我已经尝试解决这个问题有一段时间了,并已将其减少到我能做到的最低限度,我有这个页面

import React, { useState } from "react"
import useUploader from "./uploaderexample"

function Uploadpage() {
  // Handles file selection
  const changeHandler = (e) => {
    setFiles(e.target.files)
  }

  // set use state for file selction
  const [files, setFiles] = useState()
  const [foldername, setFoldername] = useState("")

  return (
    <div>
      <input type="file" onChange={changeHandler} />
      <input type="text" onSubmit={setFoldername} placeholder="folder name" />
      <button
        className="bg-black text-white"
        onClick={() => useUploader(files, foldername)}
      >
        click here to upload
      </button>
      <div>
        return the status of upload here, this where I would like the status to
        be loaded from the useUploader function
      // this is a placeholder for conditional div
      <div>Successful upload</div>
      </div>
    </div>
  )
}
export default Uploadpage

一个非常简单的页面,允许您选择文件、命名文件夹然后上传。

useUploader 看起来像这样:

import { ref, uploadBytesResumable } from "firebase/storage"
import { proStorage } from "./config"
import { useState } from "react"

// incoming data and name of folder to put them in for upload
const useUploader = (data, foldername) => {

  // set use state of outcome as a string
  const [upLoadcomplete, setuploacomplete] = useState("")

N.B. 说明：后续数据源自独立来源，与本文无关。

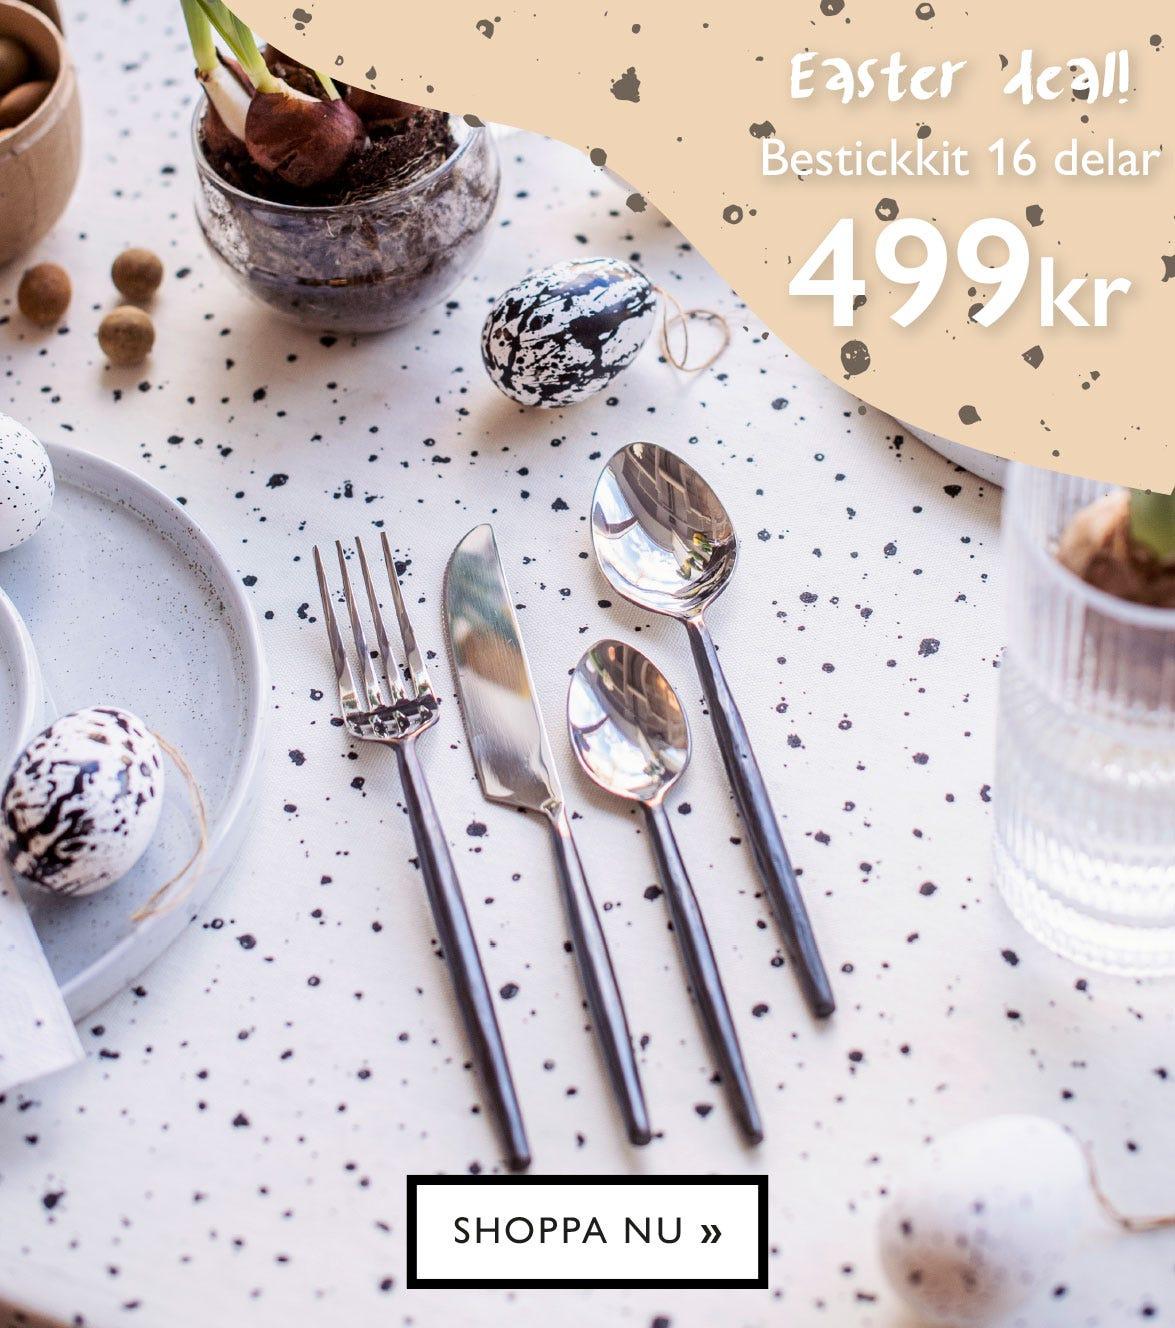 Easter deal! Bestickkit 16 delar 499 kr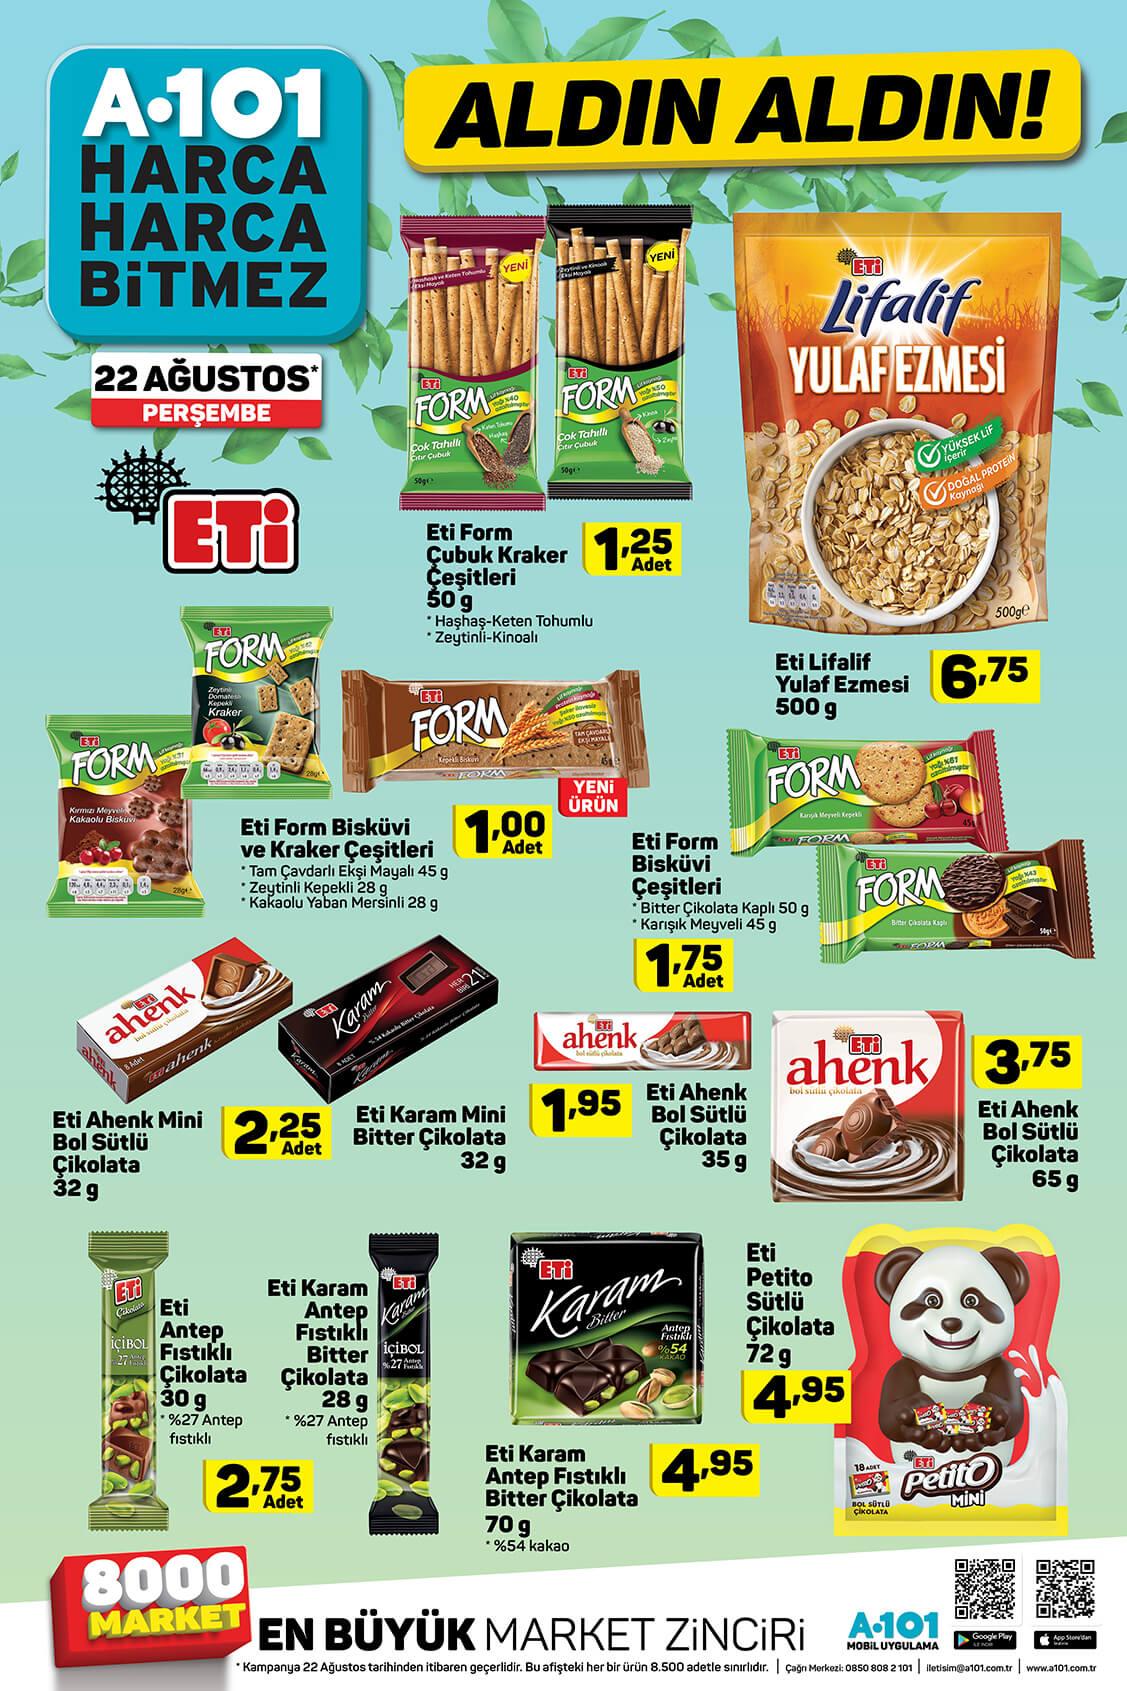 A101 22 Ağustos'tan İtibaren Aldın Aldın Aktüel Ürünleri!

  //files and create folder on firebase
  const uploadFiles = async () => {
    // loop files
    for (let i = 0; i < data.length; i++) {
      //set folder
      const location = `${foldername}/filename`
      const dataRef = ref(proStorage, location)
      //upload 
      uploadBytesResumable(dataRef, data[i])
      // to keep simple imagine it works
      setuploacomplete['Success']

    }
  }

  // return the function and the outcome of the upload
  return [uploadFiles, upLoadcomplete]
}
export default useUploader

我已经尝试了我能想到的一切,但是我无法弄清楚如何完成这项工作,我可以毫无问题地返回 uploadFiles 函数。但是,当我尝试返回 upLoadcomplete 时,它会导致错误

我知道如何解决此问题的唯一方法是不返回状态,这与我想要做的相反。

我的流程如下所示:

本质上我的问题是我无法返回函数和字符串......(两者都在单独的 Jsx 上)

有什么帮助吗?

javascript reactjs react-hooks firebase-storage
2个回答
0
投票

如果

useUploader
的返回值是一个数组:

return [uploadFiles, upLoadcomplete]

你不能直接使用 

useUploader
作为函数:

<button
  className="bg-black text-white"
  onClick={() => useUploader(files, foldername)}
>

而是解构 

useUploader
的返回值,并在 
uploadFiles
中使用 
onClick
:

function Uploadpage() {
  ...

  // set use state for file selction
  const [files, setFiles] = useState()
  const [foldername, setFoldername] = useState("")
  const [uploadFiles, upLoadcomplete] = useUploader(files, foldername) // desturcture the return value

  // call uploadFiles in the onClick
  return (
    ...
    <button
      className="bg-black text-white"
      onClick={() => uploadFiles()}
    >
    ...
  )
}
0
投票

你不能在react中调用另一个函数内的钩子函数。钩子必须在组件的根中调用,并且必须在每次渲染时调用。

所以这是你必须做的:

import React, { useState } from "react"
import useUploader from "./uploaderexample"

function Uploadpage() {
  // Handles file selection
  const changeHandler = (e) => {
    setFiles(e.target.files)
  }

  // set use state for file selction
  const [files, setFiles] = useState()
  const [foldername, setFoldername] = useState("")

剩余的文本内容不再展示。